Scacciò l’oppressione, le passò le dita tra i capelli umidi.
– Tu hai dubbi o domande che vuoi fare, tesoro?
– Sì, ne ho una. Ma non ti devi offendere.
– Non mi offenderò, hai la mia parola. Chiedi quello che vuoi.
– Mio padre ha lasciato la mamma per te? Sei tu la nuova donna di papà?
Quando il tempo non esiste la soluzione migliore sarebbe il silenzio: pensò così mentre invocava con la mente l’aiuto di Riccardo.
– Pensi che sia l’amante di tuo padre?
– Non ho detto che lo penso, ma la mamma dice così e in effetti inizio a sospettarlo anche io. Ma mi fido di te, sei sempre stata la persona più affidabile quando volevo condividere qualche segreto. Voglio saperlo da te: stai con mio padre?
Poté sentire le braccia di Riccardo che le afferravano le spalle e una frase che non solo non la rassicurò ma rischiò di farla cadere senza più forze.
– Dille di no. Deve seguire il proprio destino. Sii forte, lascia che vada dove deve andare. Non puoi fermare niente, dille di no.
La voce uscì male, strozzata.
– No, non sono l’amante di tuo padre.
– Lo giuri? Potresti giurarlo su quanto hai di più caro? Sulla memoria dello zio? Anche su di me?
Merda. La nausea fu così violenta che dovette inspirare a fondo per non vomitare.
– Lo giuro.
Chiara si calmò e sorrise.
– Meno male, ero terrorizzata che il problema fosse questo ma quando tu giuri ho imparato che bisogna crederti. Volevo solo essere tranquilla. Questi misteri e il nervosismo della mamma, le risposte cattive di papà quando lei lo provoca mi spaventano. E tu e la mamma non siete serene, si vede benissimo. Sono stanca, voglio che tutto ritorni come prima. Non capisco cosa si sia rotto.

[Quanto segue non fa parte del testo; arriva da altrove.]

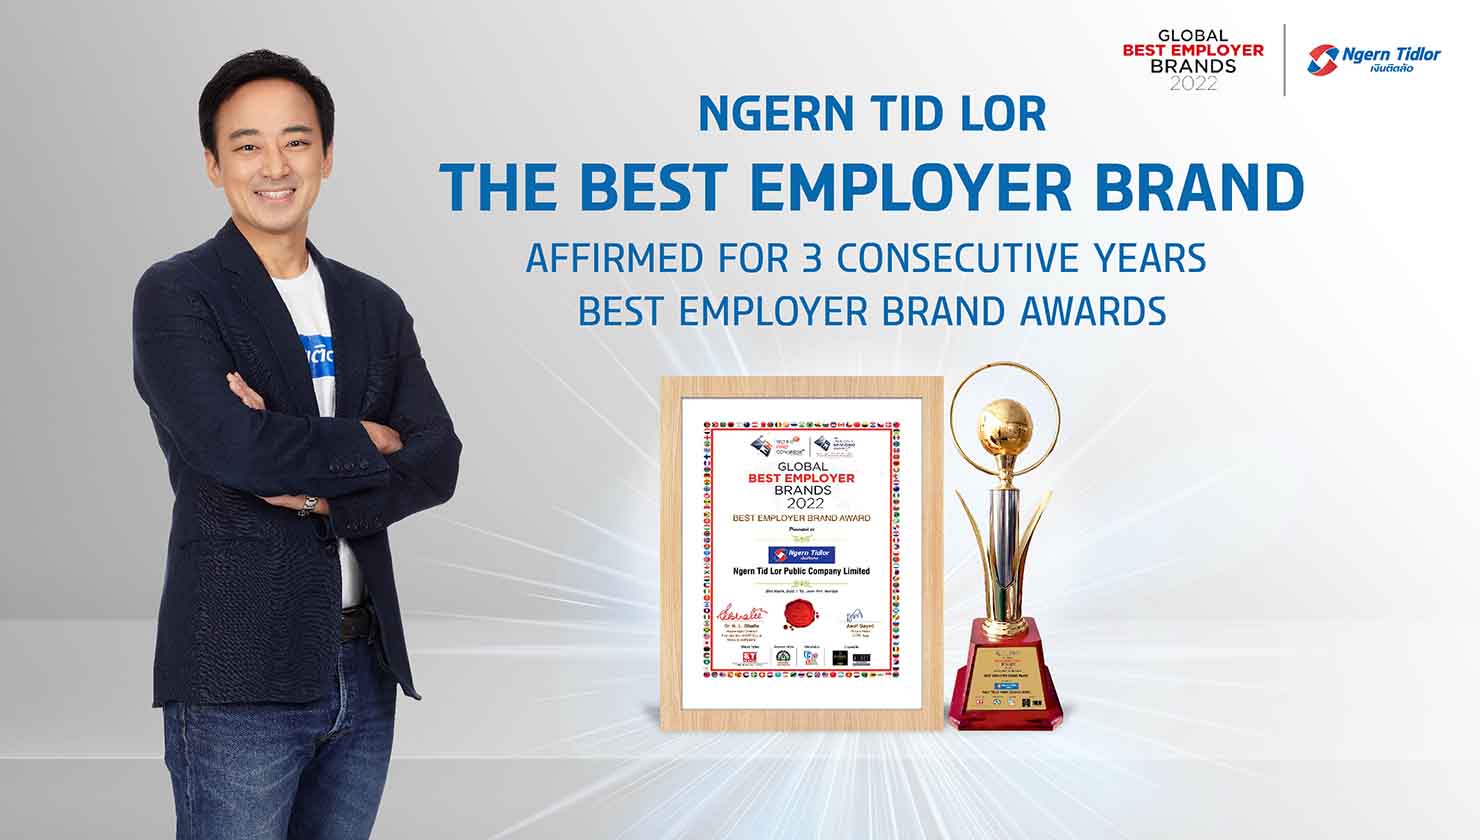 “Ngern Tid Lor” wins Best Employer Brand Award for third consecutive year

Ciò che si era rotto era impossibile da riparare e l’atteggiamento di Valeria aveva inquietato anche lei. Anzi, la sua era angoscia e non solo inquietudine: era sicura che nella riunione di quella sera Valeria avrebbe fatto male a qualcuno. Intorno a Chiara non riusciva a scorgere energia, la causa doveva essere la tristezza ma non bastava: non c’era luce e dentro di lei una voce profonda, attutita ma inarrestabile, ripeteva che il danno sarebbe stato proprio per Chiara e lei non avrebbe potuto fare niente. Li scacciava, buttava indietro i fantasmi ma aveva l’anima tappezzata di presagi incancellabili: gli occhi di Valeria, il tocco affettuoso subito tramutato in astio, l’ombra nera sul futuro di Chiara e la certezza – senza basi ma così concreta – che il male sarebbe arrivato. Era già lì.

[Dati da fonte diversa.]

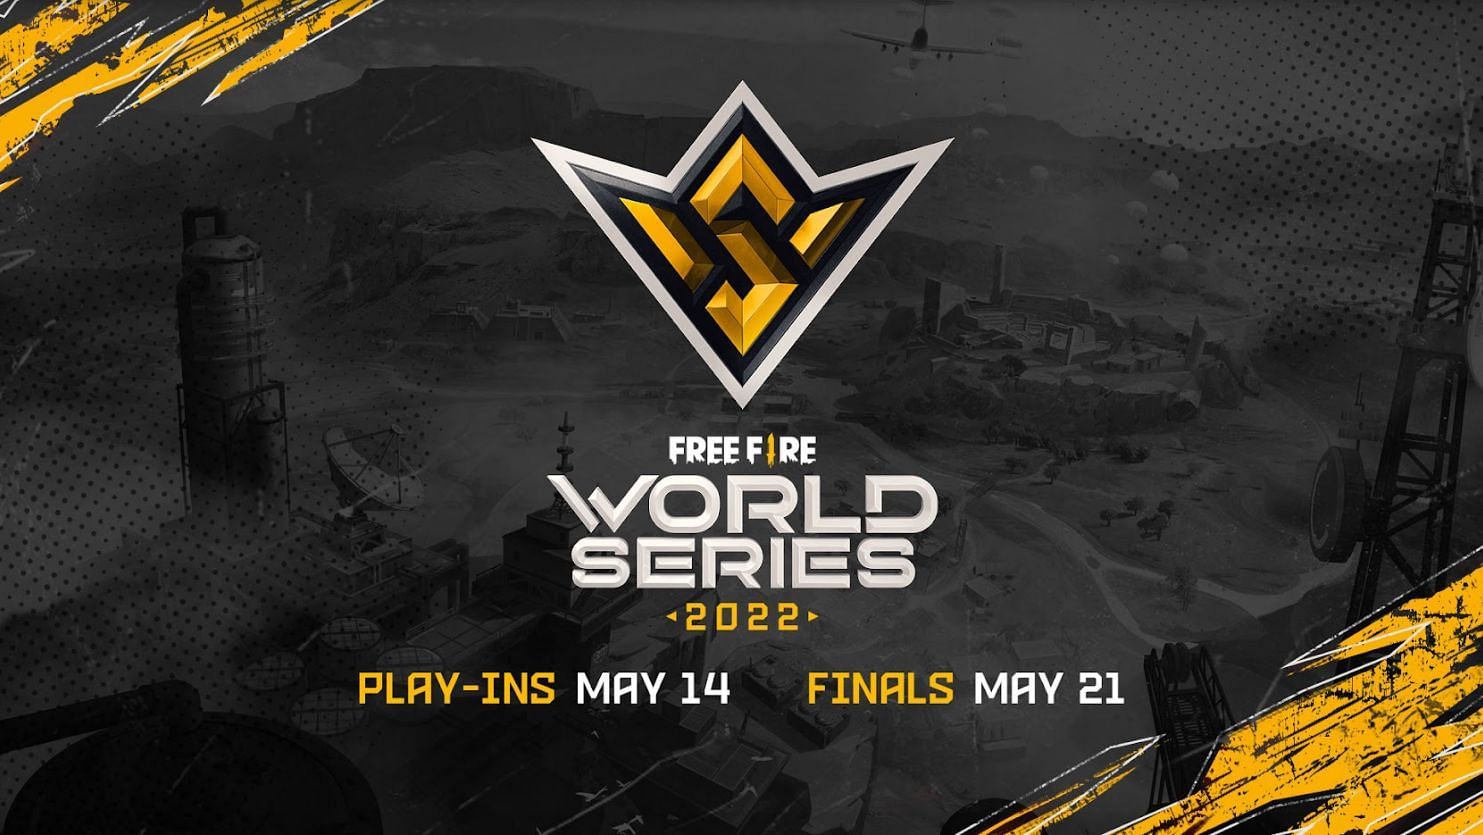 Free Fire World Series 2022 - Play ins on 14 May 2022; Finals 21 May

Invocò ancora Riccardo: che succedesse a lei, che il dolore andasse a lei e non a sua nipote. Pensò di inventare una scusa e sottrarsi, forse se avesse rifiutato il confronto niente sarebbe accaduto. Valeria ce l’aveva con lei, doveva toglierle il motivo per la riunione. Ma gli occhi di Chiara addosso impedivano la fuga, la rendevano più esplicita di ogni altra scelta.

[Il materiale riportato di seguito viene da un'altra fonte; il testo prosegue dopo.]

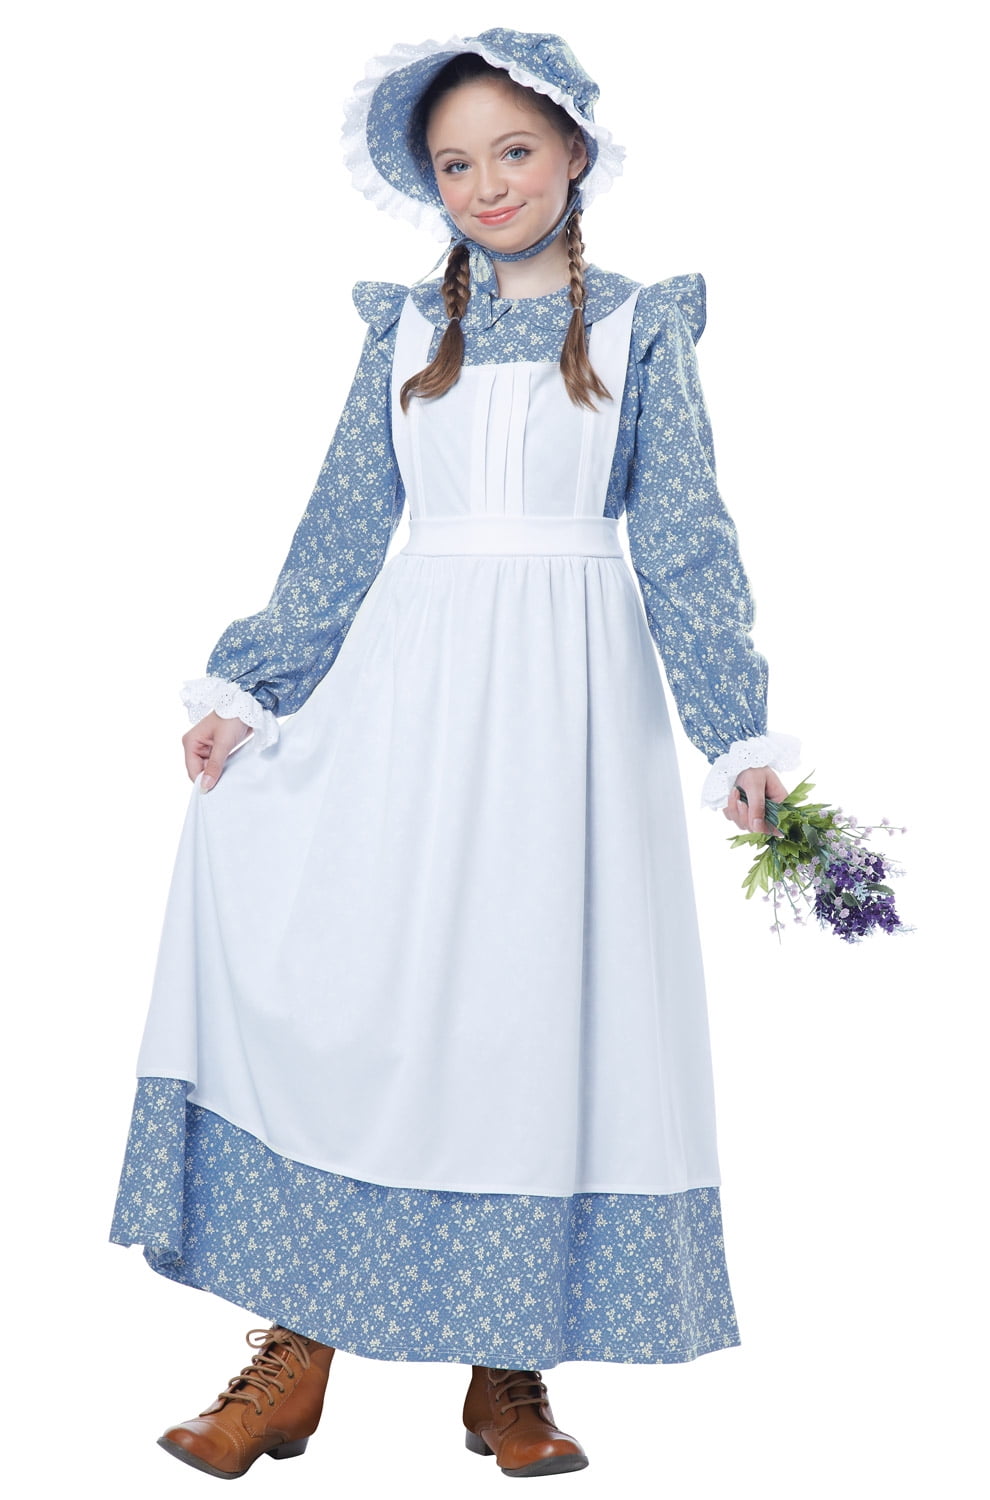 Large Brand New American Colonial Pioneer Girl Child Costume

– Se qualcosa si è rotto lo aggiusteremo. Non so cosa voglia dirci tua madre, ma spero tanto che sia una bella discussione e ci porti a essere più tolleranti e sereni. Dobbiamo e vogliamo riavvicinarci, lo faremo. Ti prometto che cercherò di farti vivere felice, Chiara.
– Rimango qui mentre fai la doccia. Con te sono serena, più il tuo corpo è vicino al mio più la paura passa. Ma se c’è qualcosa che mi riguarda vorrei saperlo prima di questa sera. Ti ricordi? Mi hai sempre promesso alcune cose, con me devi essere sincera. Non tradirmi, mi fido di te. Non farmi scoprire cose che fanno male senza avvisarmi prima, ti prego.
– Chiara, non c’è niente che tu debba sapere. Non ti ho mai tradito.
Si voltò in fretta e scappò nel bagno. Quando chiuse la porta dietro di sé sedette sul pavimento, avvicinò le mani tra loro e respirò a fondo. Chiese aiuto: che fosse Dio, l’energia vitale, l’universo, le leggi della fisica che nessuno ancora aveva chiarito, aveva bisogno di assistenza. Chiara era terrorizzata, fragile, sul punto di frantumarsi. Era il suo amore! E stava male per colpa loro, di tutti loro. Chiamò Dio. Implorò che la voce interiore parlasse. Aspettò, gli occhi incastrati al palmo delle mani.
Ma, chiunque avesse chiamato, ottenne solo il silenzio.